The documentation focuses on practical fine-tuning workflows rather than theoretical foundations, addressing enterprise demand for customizable open-source models. This educational push supports broader adoption of open alternatives to proprietary AI services.
Fine-tuning capabilities represent a key differentiator for open models, allowing organizations to adapt pre-trained systems for specific use cases without relying on API-based services. The improved documentation lowers technical barriers for teams implementing custom AI solutions.
What This Means
The simultaneous releases from Poolside and Xiaomi signal intensifying competition in open-source AI, particularly for specialized use cases like coding and agentic workflows. Both companies are targeting enterprise users seeking alternatives to expensive proprietary models while maintaining performance standards.
However, the security research from Acronis highlights real risks as open model ecosystems expand. Organizations adopting open-source AI must implement robust verification processes and supply chain security measures. Cisco’s provenance toolkit represents one approach to managing these risks systematically.

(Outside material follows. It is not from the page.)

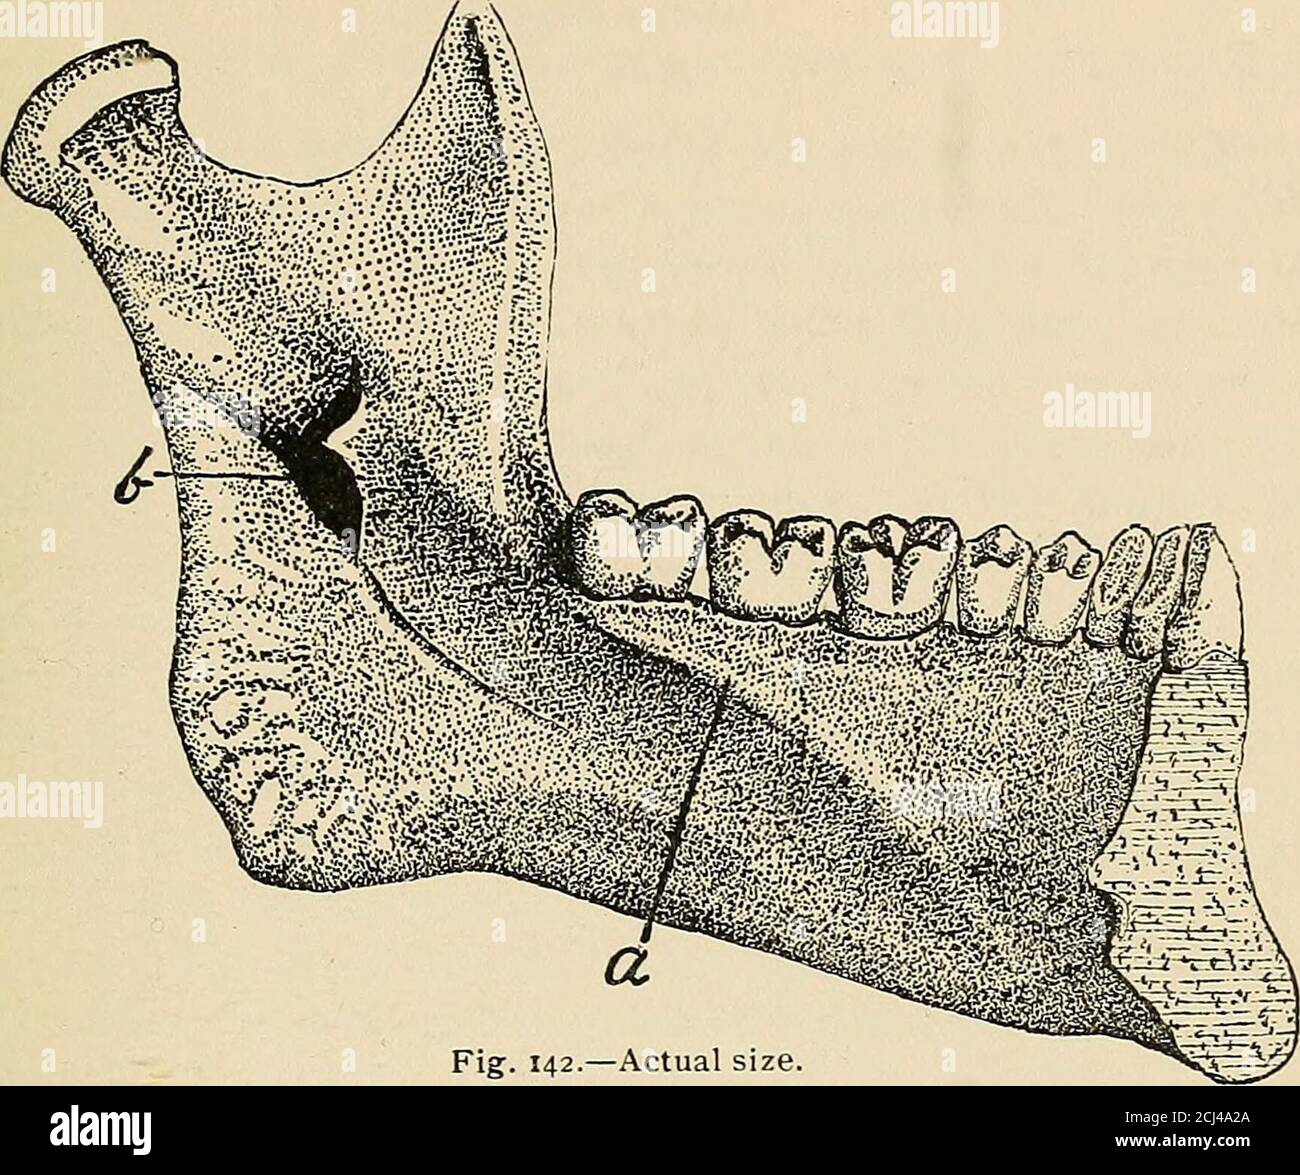 . Descriptive anatomy of the human teeth . eth, constituting the condition known astongue-tied. This is generally corrected by the muscularefforts of the tongue, which stretch the membrane sufficientlyto accommodate its motions. 210. On the lingual side, in the upper jaw, the gums(Fig. 127) are usually of greater extent and thicker. Theycover the entire roof of the mouth, to the conjunction of thehard and soft palate, as a hard dense layer. In the anteriorportion, a series of irregular ridges, known as the rugae, radi-ate from the median line toward both sides, stopping short ofthe gingivae. I Stock Photo
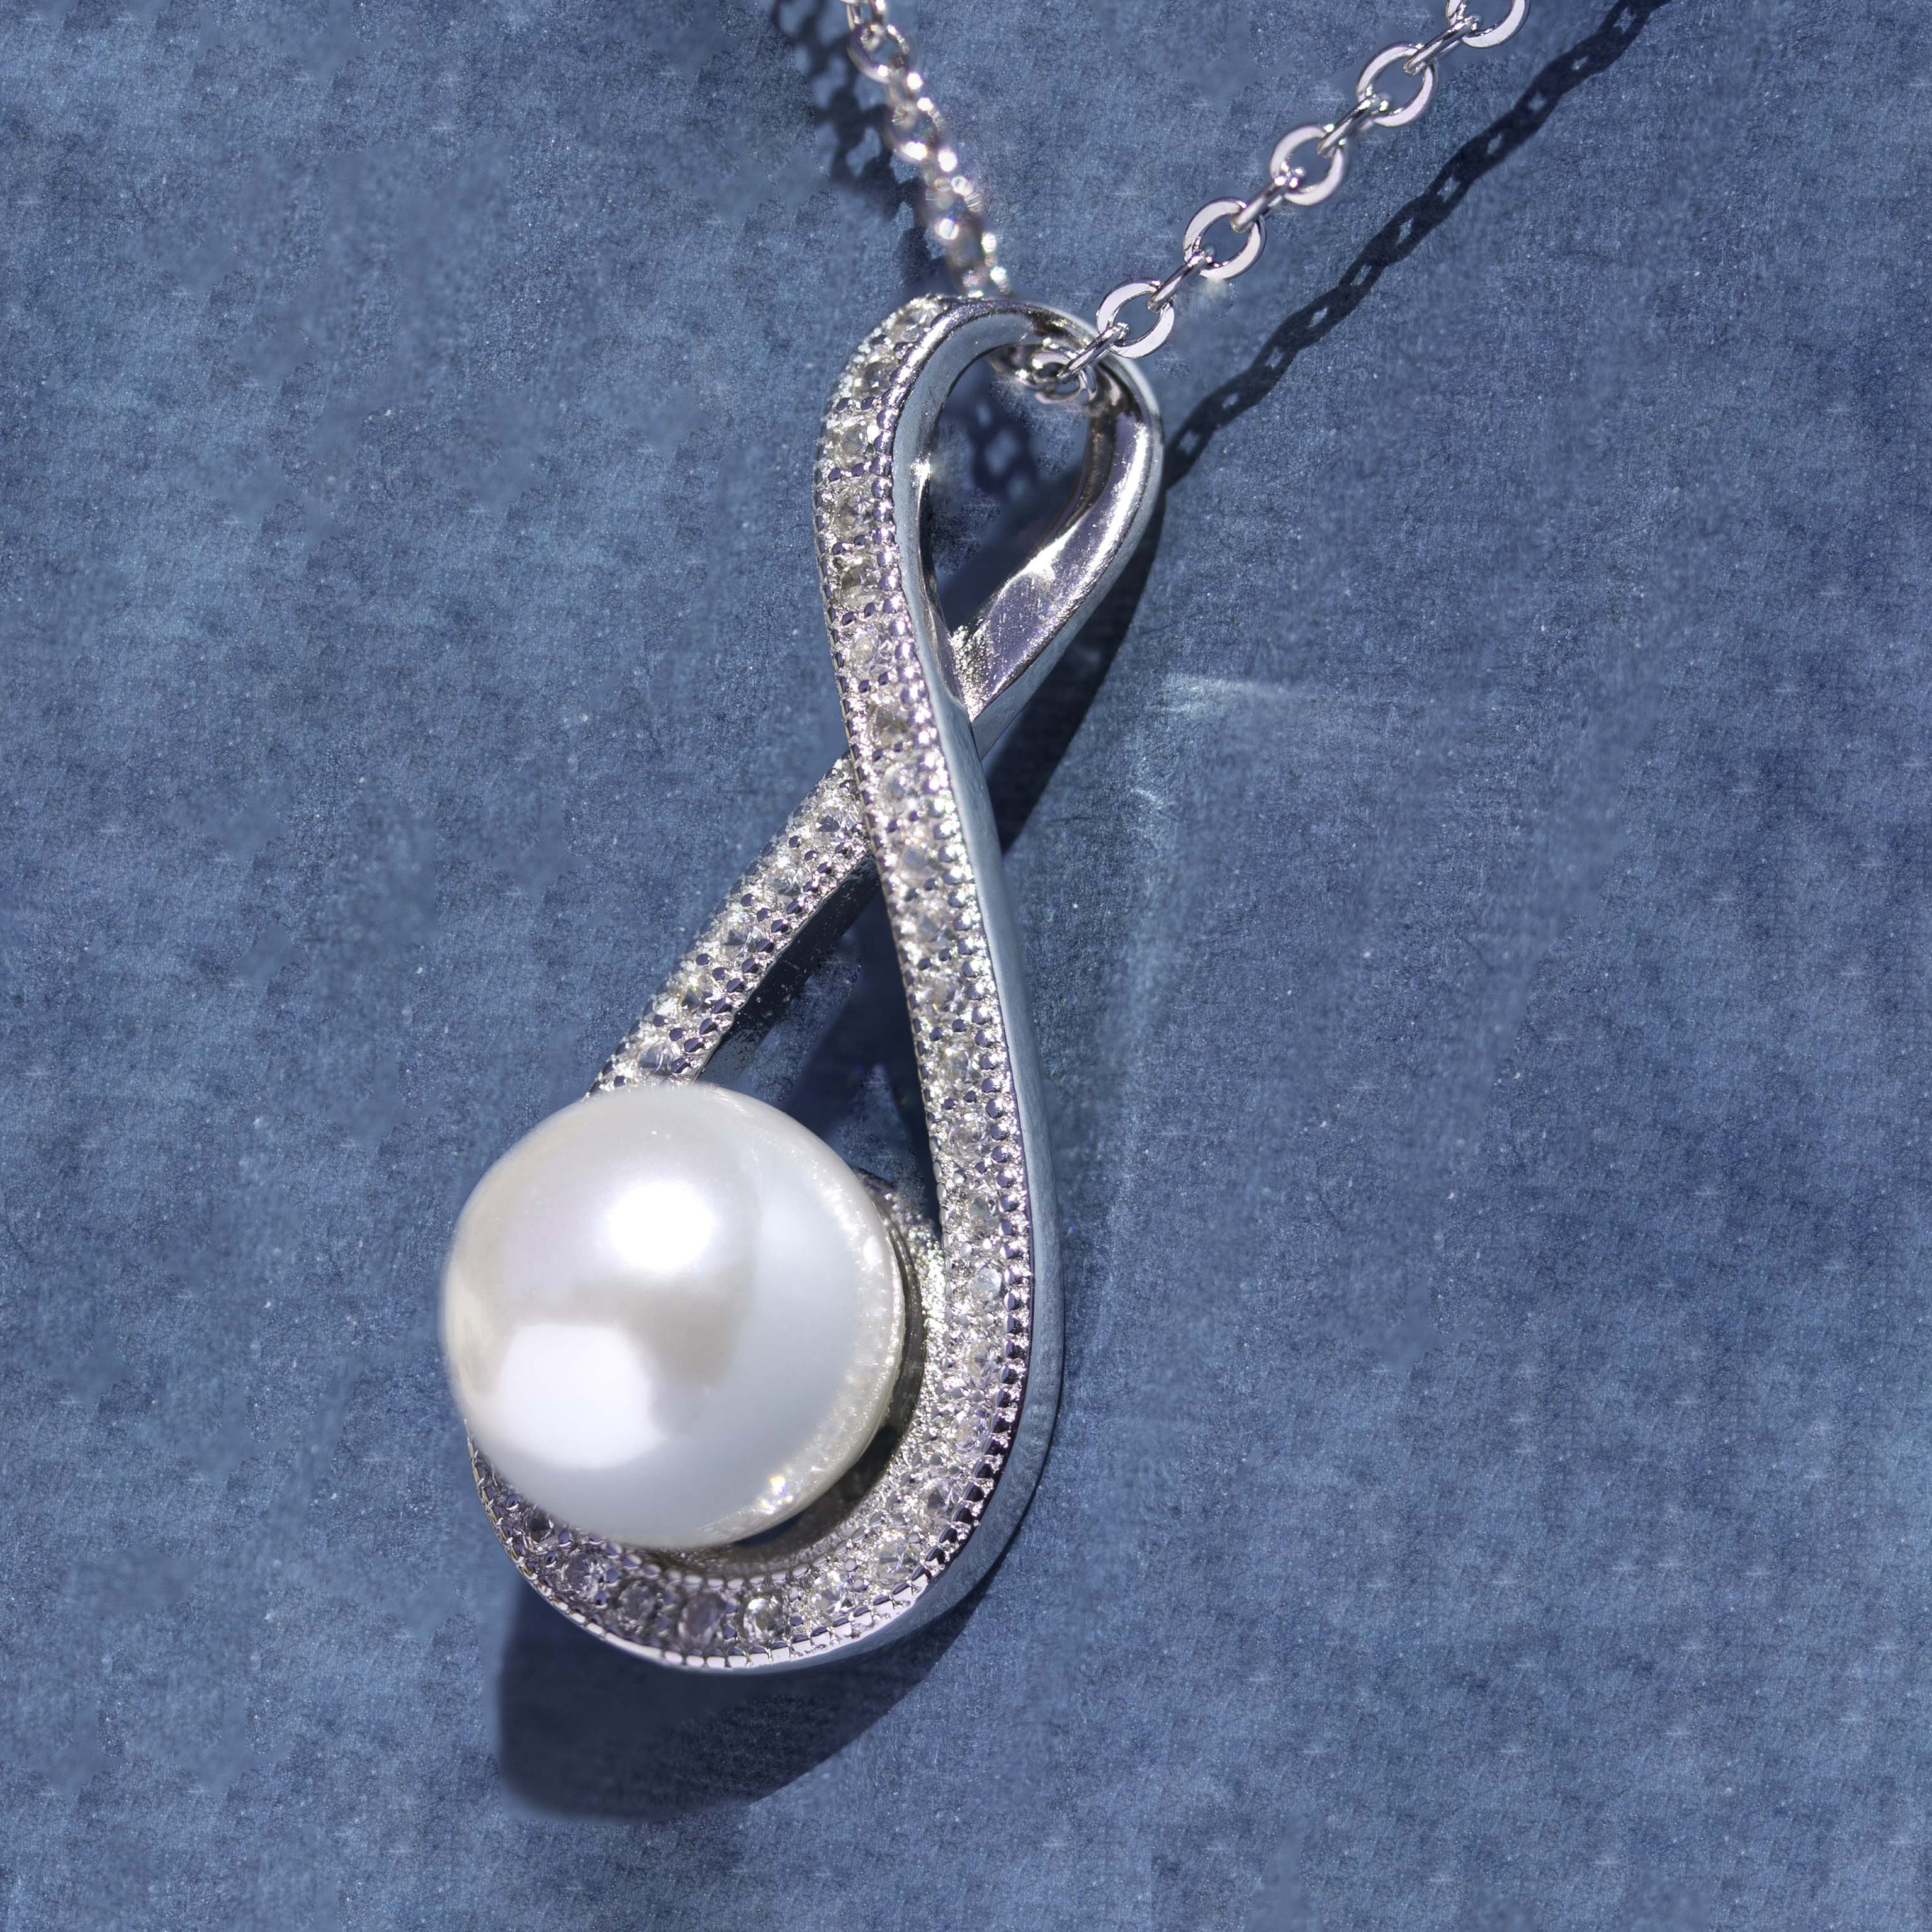 Girls Great Quality 925 Sterling Silver Infinity Unique Pearl Necklace

The efficiency focus of Xiaomi’s models and the specialized positioning of Poolside’s coding agents suggest open-source development is moving beyond general-purpose chat models toward task-specific optimization. This trend could accelerate enterprise adoption by addressing specific business requirements more cost-effectively than broad-capability proprietary systems.
FAQ
What makes Poolside’s Laguna models different from other open-source AI models?
Laguna models are specifically optimized for agentic coding workflows where AI systems autonomously write code, use tools, and execute tasks. Unlike general-purpose models, they’re designed for specialized development environments and coding agent applications.
How do Xiaomi’s MiMo-V2.5 models achieve better token efficiency?
The models are optimized for “claw” tasks through specialized training that reduces token consumption while maintaining performance. This efficiency translates to lower costs for enterprises using usage-based AI billing, especially for repetitive agentic workflows.
What security risks should organizations consider when using open-source AI models?
Key risks include trojanized model files, indirect prompt injection attacks, and lack of provenance tracking. Organizations should verify model sources, implement security scanning, and use tools like Cisco’s Model Provenance Kit to track model lineage and vulnerabilities.